Administered by the Wisconsin Department of Administration, the Wisconsin Emergency Rental Assistance Program partnered with the Wisconsin Community Action Program Association and Energy Services Inc. to assist renters affected by the COVID-19 pandemic with up to 12 months of rent and utility payment assistance. The program received more than $322 million from the federal Emergency Rental Assistance Program and, as of the end of August 2021, has provided assistance to nearly 18,000 households. In July 2021, Wisconsin Governor Tony Evers announced the program will help cover internet costs for qualified households. The Governor’s Task Force on Broadband Access recently released a report recommending that the state establish a new broadband affordability program to support low-income households, along with recommendations to establish a digital equity fund and a digital navigator program. The Public Service Commission of Wisconsin set a goal for 75 percent of households in the state with income below the 200 percent of the federal poverty level to have access to a home internet service at a rate of less than $25 per month by 2025.

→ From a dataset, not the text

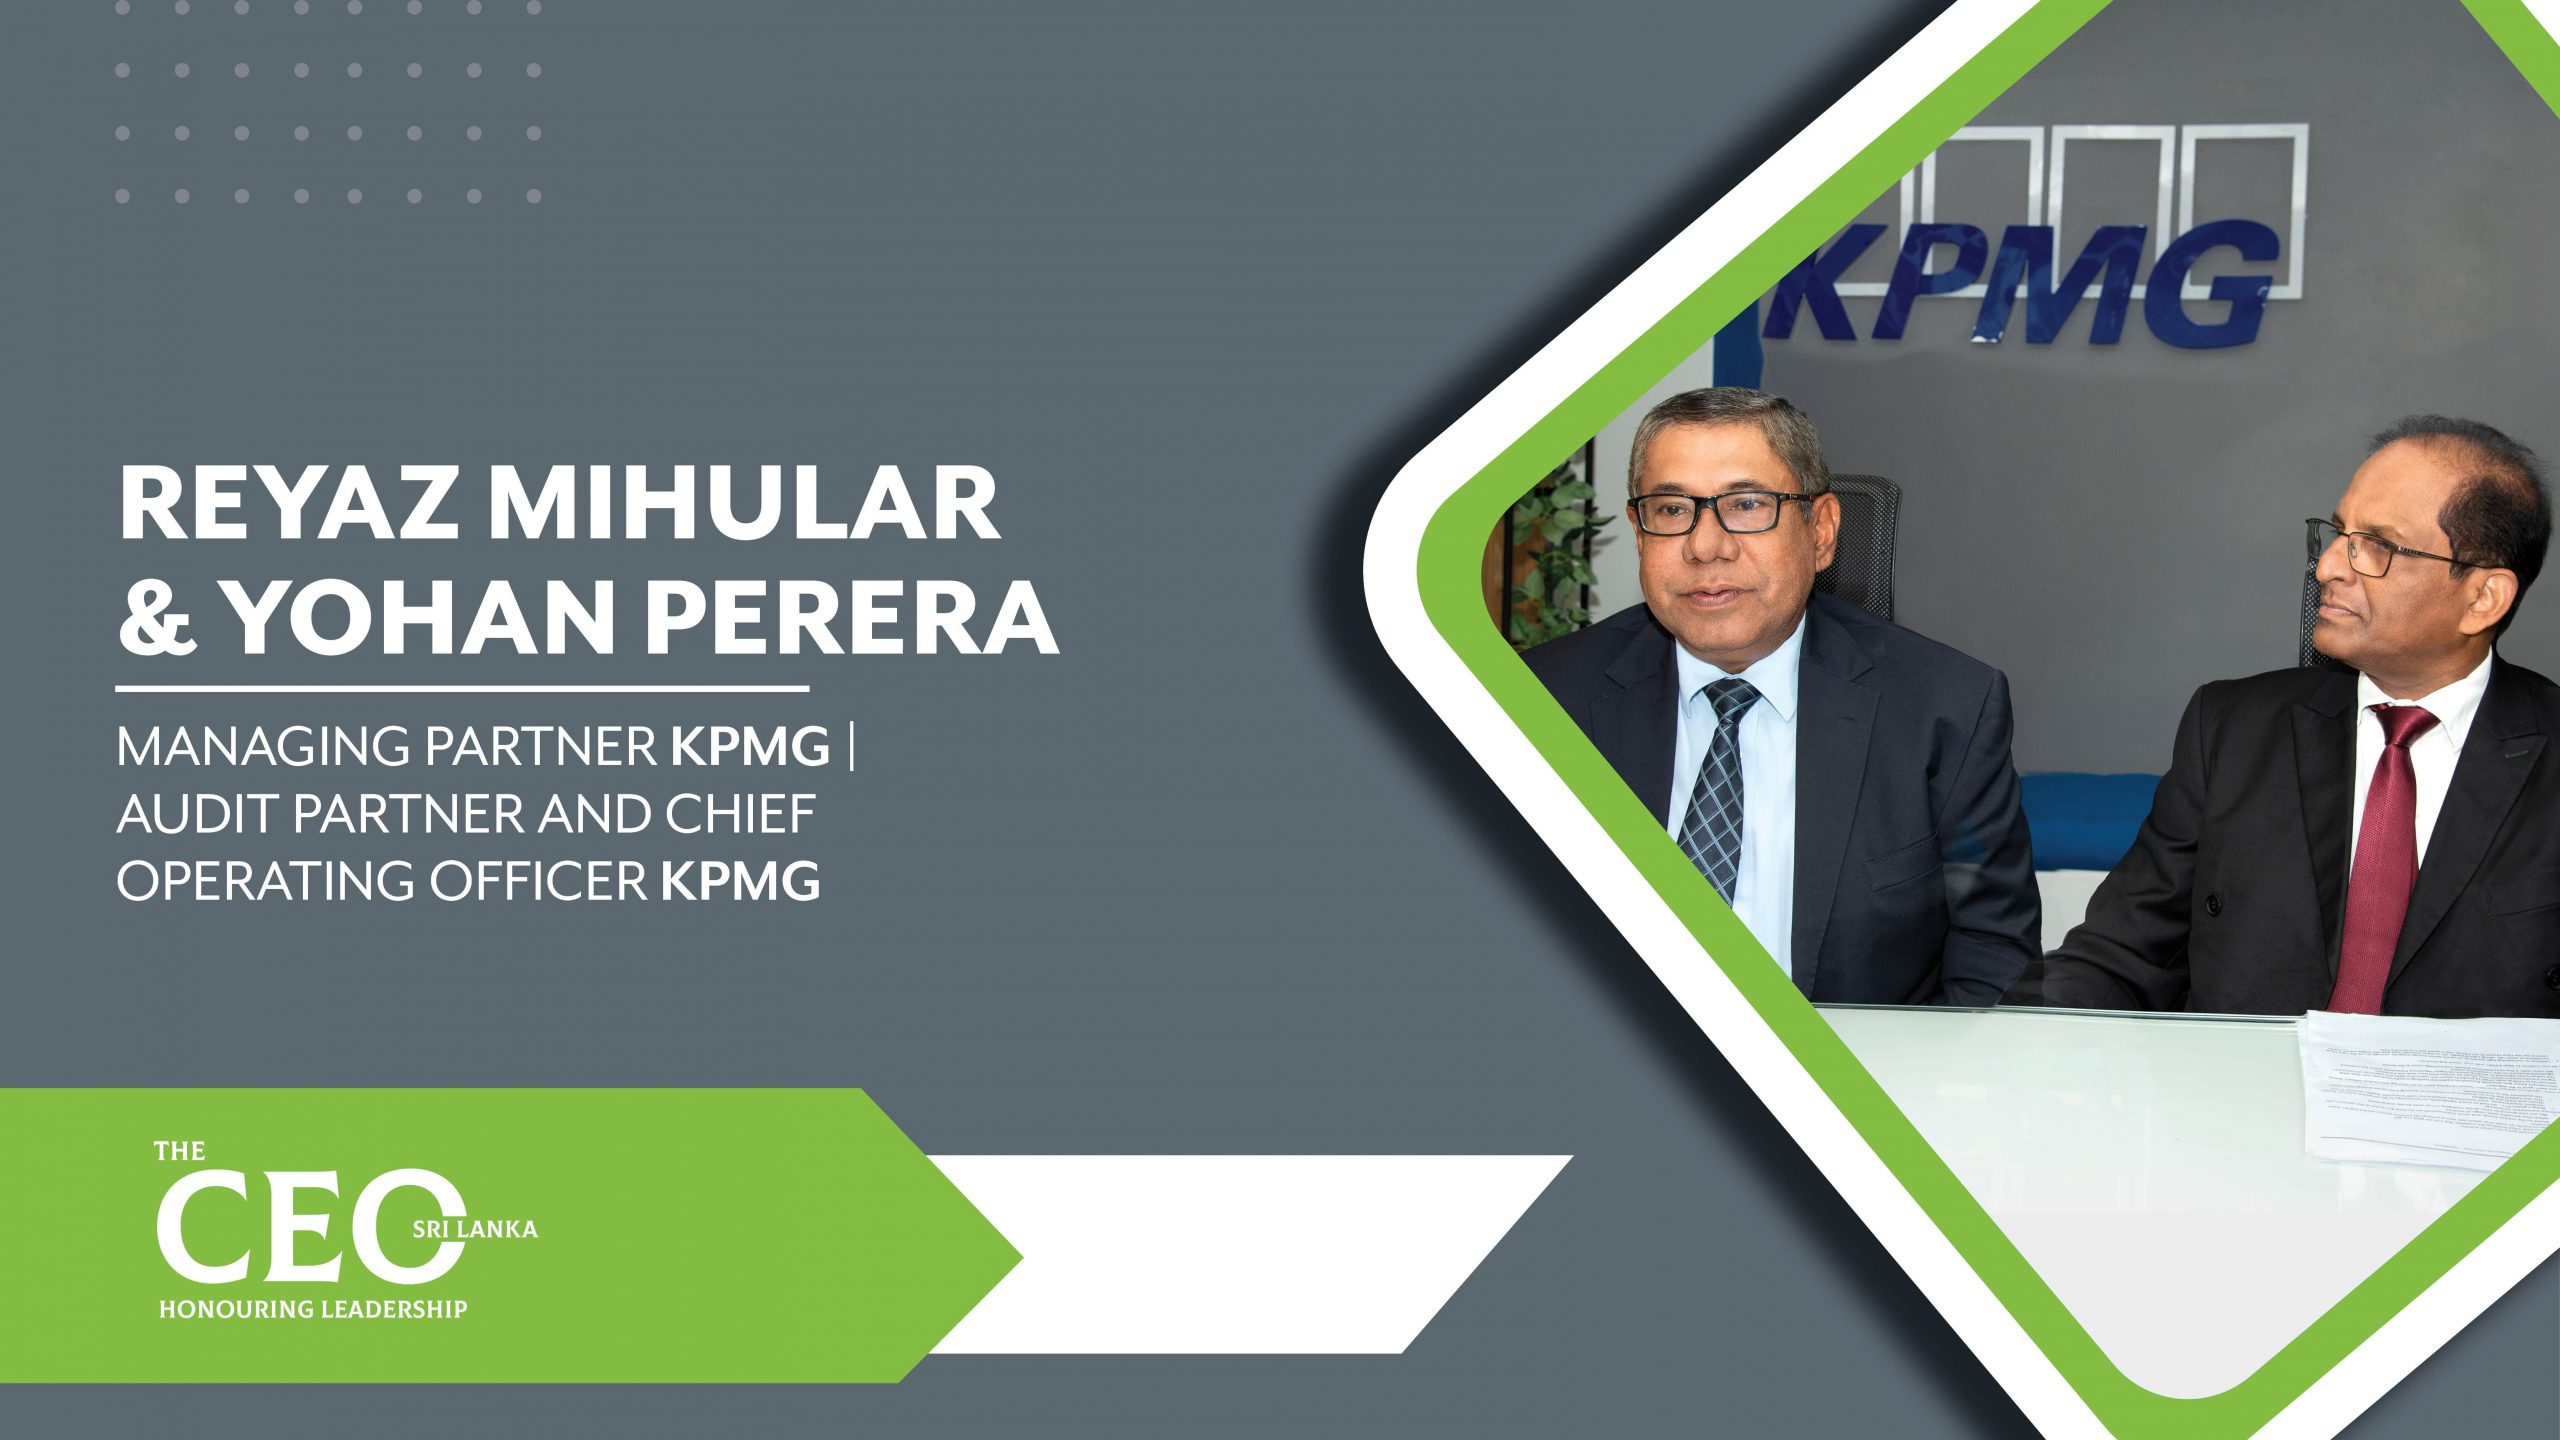 Focusing on Continuing to be a Trusted and Trustworthy Firm – Reyaz Mihular, the Managing Partner, and Yohan Perera, the Audit Partner / Chief Operating Officer of KPMG

In the fall of 2020, Alabama Governor Kay Ivey dedicated $50 million in federal CARES Act funding to create the Alabama Broadband Connectivity (ABC) for Students program. The program provided a voucher for free internet service to all households with K-12 students who qualify for the National School Lunch Program. By December 2020, ABC for Students reached more than 200,000 students through 42 internet service providers. The Alabama Department of Economic and Community Affairs (ADECA) managed the program in partnership with CTC Technology & Energy. Additionally, the ABC Ambassador Center provided technical customer support, assisted customers with the application process and connectivity challenges, and initiated thousands of calls to qualified households that had failed to redeem their voucher by the December 2020 deadline.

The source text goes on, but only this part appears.